Even if she disregarded the child’s letter and the one she’d tucked away in her purse, Emmy could see plenty of possible bombshells. Like the one addressed to Dillon Mercer from his sister’s college roommate, Elise, who’d visited Christmas Creek several times. The handwriting on the letter looked awfully flowery, and according to the postmark, it would have been sent while Dillon was still married.

Then, there was the one from Gladys Herman to Clive Dunbar, both of whom were well into their seventies. Neither of them had ever married, nor had they appeared to show any interest in each other. Probably because Gladys was a straightlaced business owner from one of the town’s premier families, and Clive, well, wasn’t any of those things. He was an occasionally employed artist whose claim to fame was that he’d been at Woodstock. A surprise to absolutely no one because he still dressed as if he were living in that decade.

Not a perfect match on paper.

But there it was, the letter/Christmas card from five years ago, and Gladys had let the “s” in her name curl into a little heart. Such a small thing, but it would fire up gossip and speculation if it got out. Which made Emmy wonder why Elise and Gladys had taken such risks.

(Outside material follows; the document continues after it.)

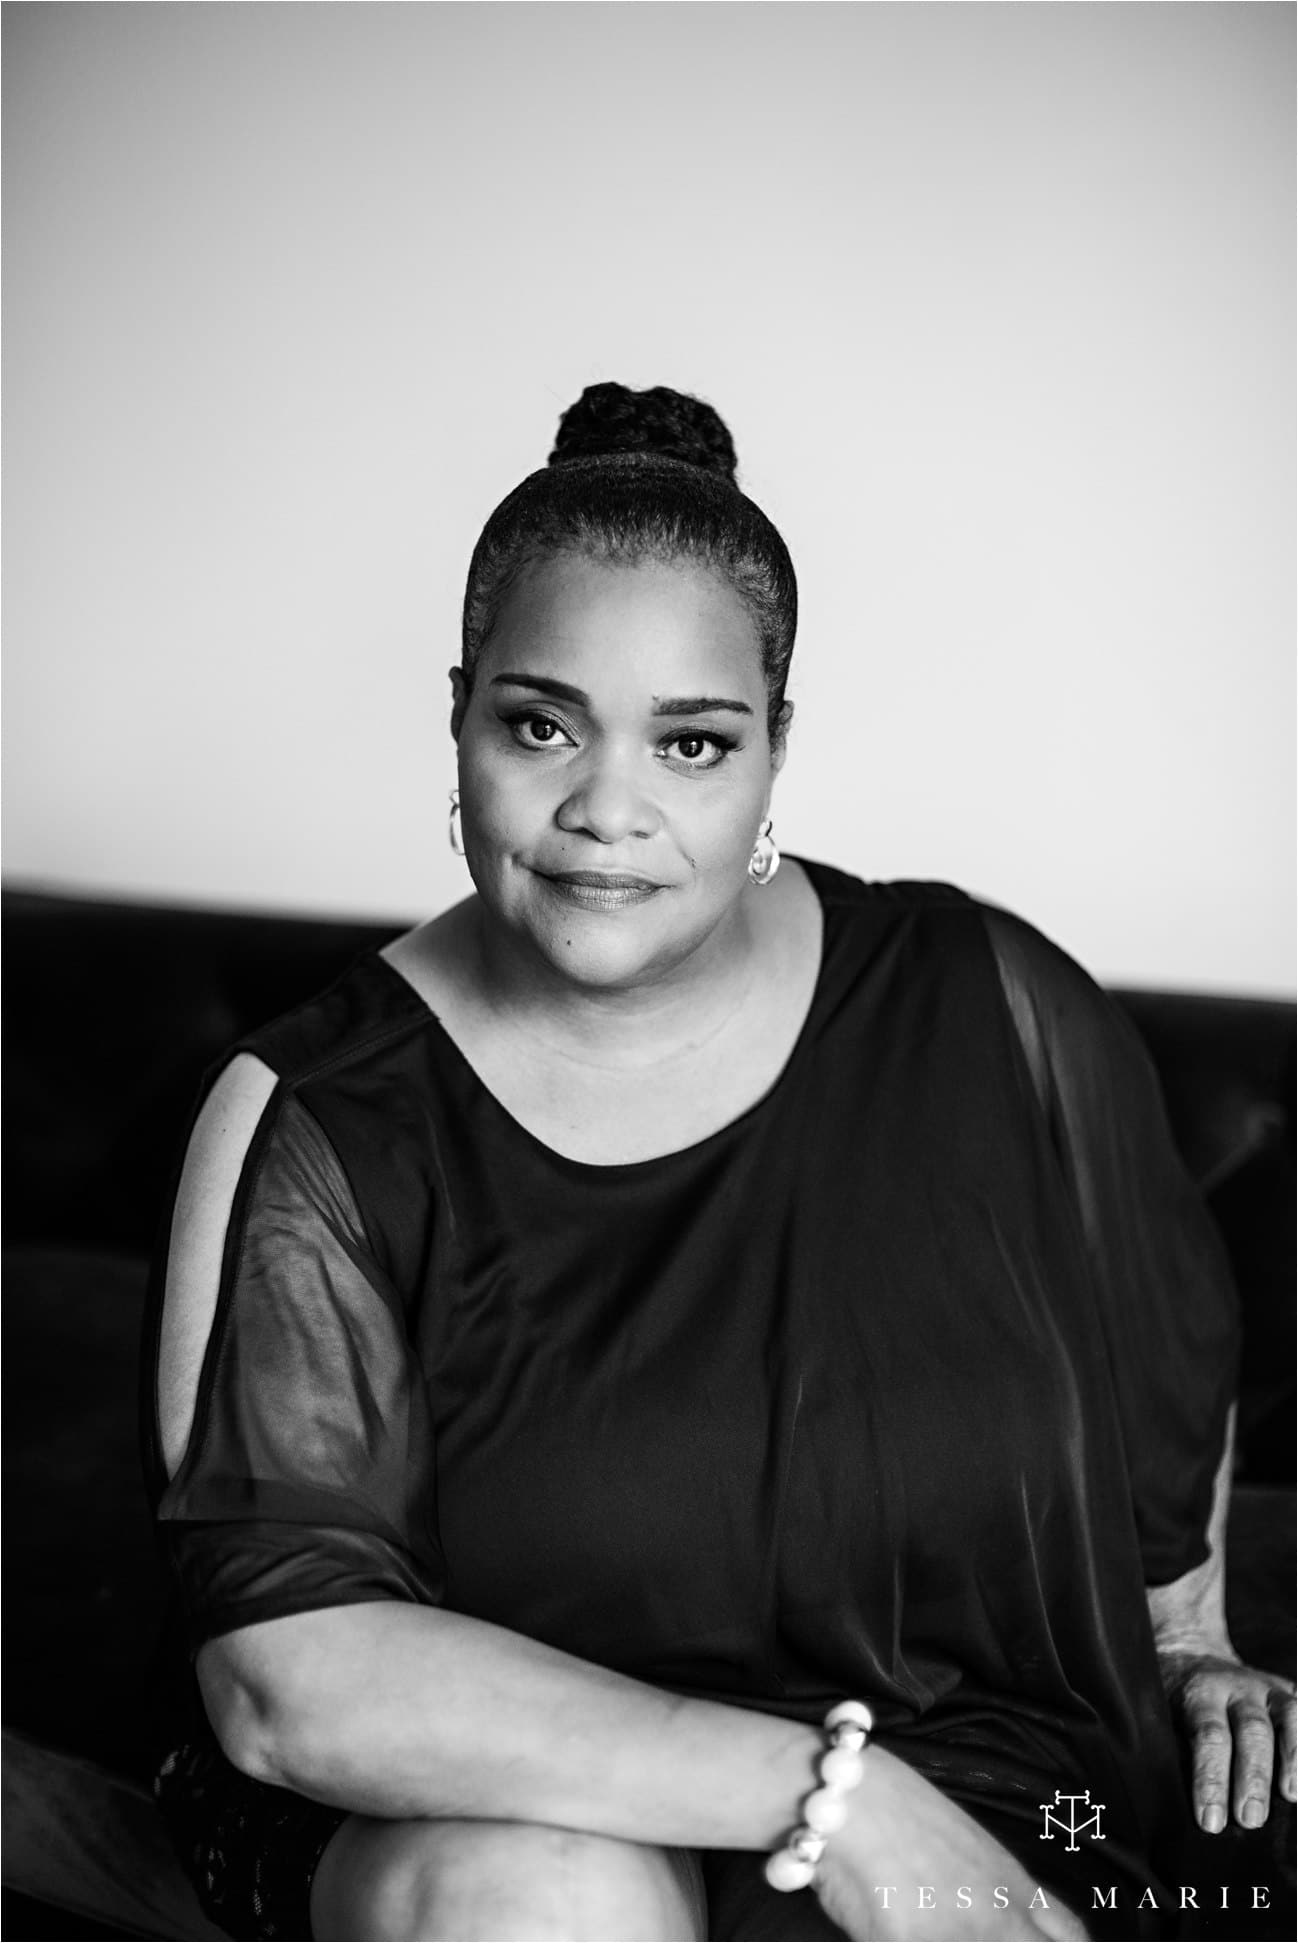 Tessa_marie_studios_womens_headshots_portraits_empowering_full_experience_something_for_mom_0035

Of course, she’d risked bunches herself when she’d written to Calen.

Emmy blamed her risky behavior on youth and the fact that the holidays made you think all things were possible. Movies likeIt’s a Wonderful LifeandA Christmas Carolegged you on. Once January reality set in though, most of those holiday possibilities just seemed like pipe dreams.

Or in her case, a Texas-sized mistake.

Calen took a deep breath and reached for the daddy letter just as his phone dinged. Because Emmy was sitting right next to him with her back against the sofa, she saw the name on the screen. Deputy Mick Webster.

Mick would be manning the sheriff’s office, so maybe something else had gone wrong. Or maybe the deputy just wanted an update since Calen had told him about the mail bag before he’d left the office.

“Tell me bad news didn’t come in fours,” Calen snarled when he took the call. Even though he didn’t put Mick on speaker, Emmy heard the deputy speak.

“Yeah, it did. Or rather fives,” he said, causing Calen to groan. “But I guess you could say the fourth one is just a continuation of bad news number three about all those letters and such your dad didn’t deliver. How many more did you find?”

“Too many.” Calen was still snarling. Now, he put the call on speaker and began to put the small packages in a separate pile. “What’s wrong?”

“Word’s out about the mail,” Mick said, and this time it was Emmy who groaned. Well, that hadn’t taken long, less than two hours since she’d shown up at Calen’s office.

“How the hell did that happen?” Calen demanded.

Mick readily supplied the name of the dispatcher. “Junie. She has better hearing than she lets on. Anyway, she claims she only told one person, but it’s all over town. Folks have been dropping by and calling. I’m surprised you haven’t gotten any calls about it yet.”